Corridor for elephants: Search for sustainable solution to human-elephant conflict (India)

Author(s)

Anand Kumar, The Economic Times

Date Published

“Kanneer Anjali” scream posters and banners in the picturesque little
town of Madukkarai in Coimbatore district in western Tamil Nadu.
Loosely translated from Tamil, this means “a tearful farewell”.

“Kattaiyan aka Madukkarai Maharaj, we thought you would leave our
woods, but we did not think you would leave this earth. We will always
live with your memory.”

This message is by the residents of Madukkarai, who are mourning a
20-year-old wild bull elephant that died following its capture by the
Tamil Nadu Forest Department officials on June 19.

The elephant had strayed into Madukkarai about eight months ago, in
search of food, damaging crops and destroying homes in its hunger, and
killing a Forest Department official who had tried to drive it back
into the forests.

The local people had named the elephant Kattaiyan (one who is like a
log; the burly one). The Forest Department officials nicknamed the
elephant Encounter and ordered its capture and translocation to the
Anamalai Reserve in early June.

A week-long chase followed — around 20 personnel from the Forest
Department, the police and other government officials along with four
kumki (temple) elephants tracked and finally captured a sedated
Kattaiyan, in an operation titled Mission Madukkarai Maharaj.

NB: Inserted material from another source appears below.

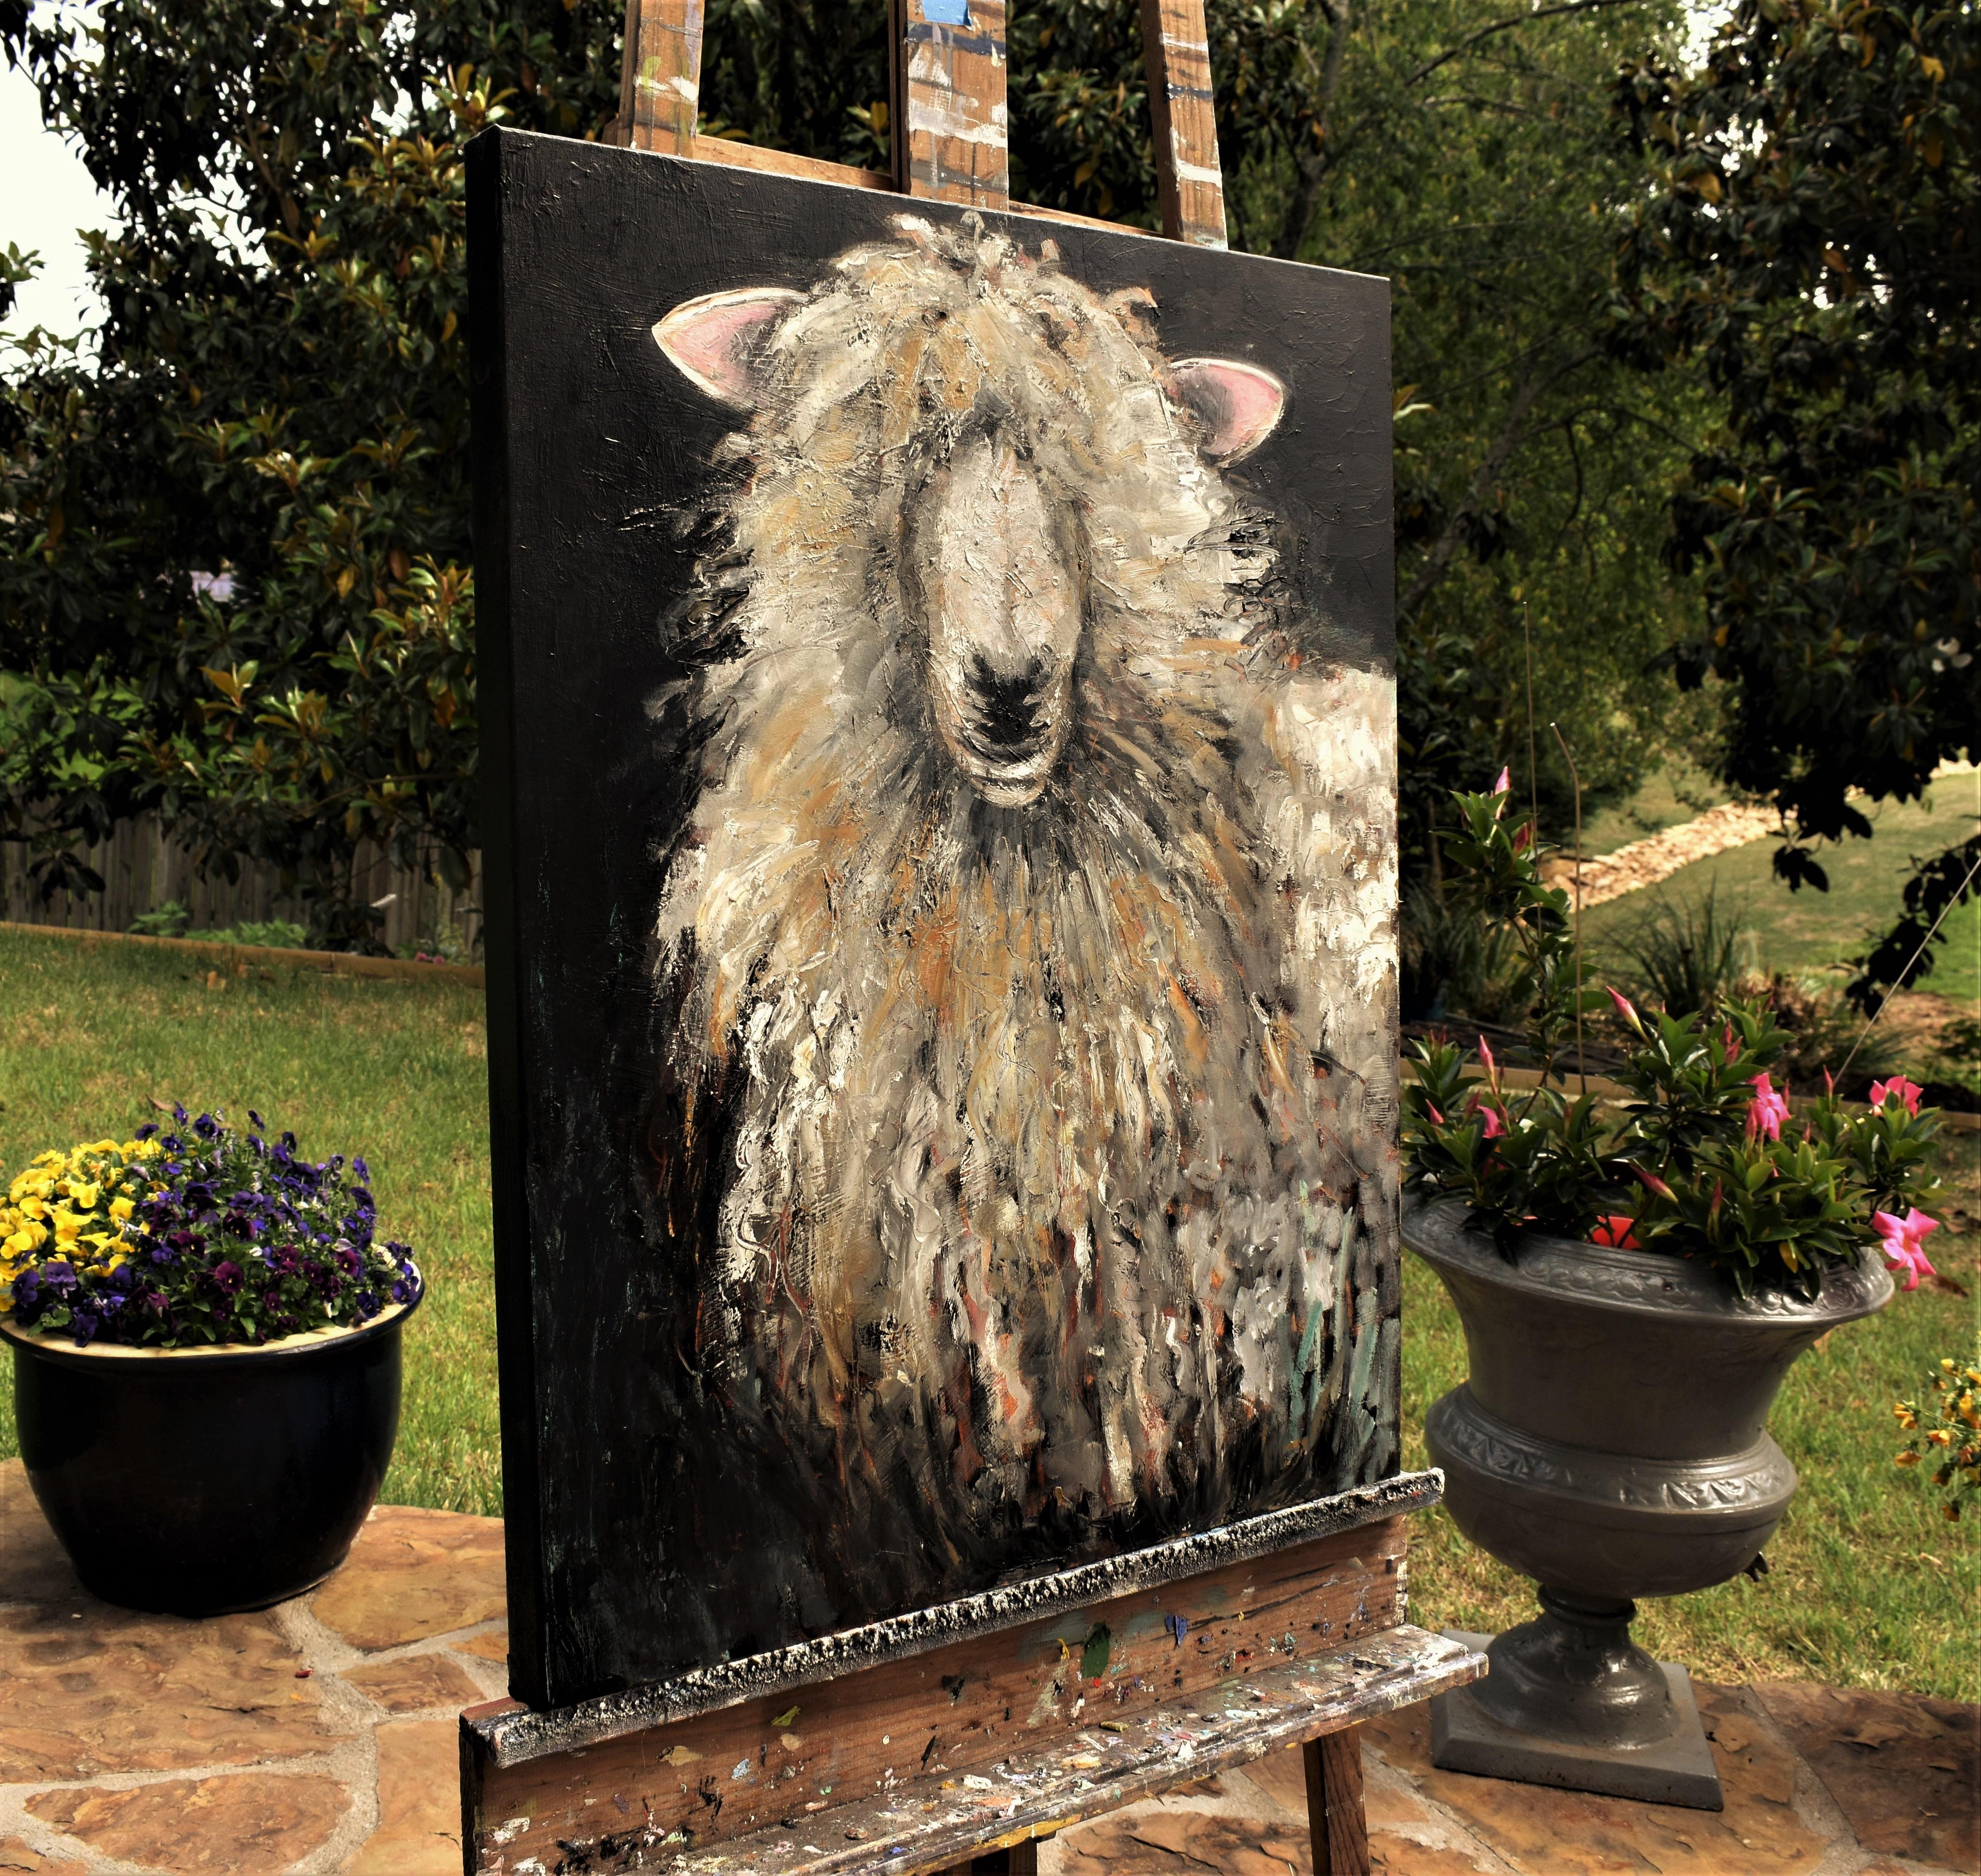 <p>Artist Comments<br>Artist Mary Pratt paints a portrait of a Cotswold sheep featuring thick, textured layers of paint. She achieves a rich tactile surface with light impasto. Bold, broad strokes emphasize the sheep's woolly fleece, celebrating the

A day after its capture, Kattaiyan was found dead in its kraal in
Anamalai. Postmortem reports leaked to the press showed the cause of
death as a broken skull, alleging that the young elephant had
frantically beaten its head against the wooden poles of the kraal in a
bid to escape.

Activists alleged that Kattaiyan died from an overdose of anaesthesia.
Residents of Madukkarai, who had burst firecrackers and hurled stones
to scare away the hungry elephant from their fields and homes, are now
in tears.

“If we had known the Forest Department would kill the elephant, we
would never have made any demand for capturing it,” rues Saravana
Kumar, a resident of Madukkarai. “We thought the Forest Department
would take it away and let it loose in some other area but their
intention was to capture it and tame it into a kumki.

Even if they had let it loose in the forest, it would have survived,”
laments Kumar. Forest Department officials have refused to comment on
the botched operation that took the life of the wild elephant. But
wildlife activists are livid at, what they allege are, unscientific
methods being employed to resolve the recurring human-elephant
conflict in the 10 districts of Tamil Nadu that line the Western
Ghats.

A tale of two court cases

Two important cases relating to humanelephant conflict in the southern
state are being heard in courts, the outcome of which would show the
way for the Tamil Nadu government’s environmental policy.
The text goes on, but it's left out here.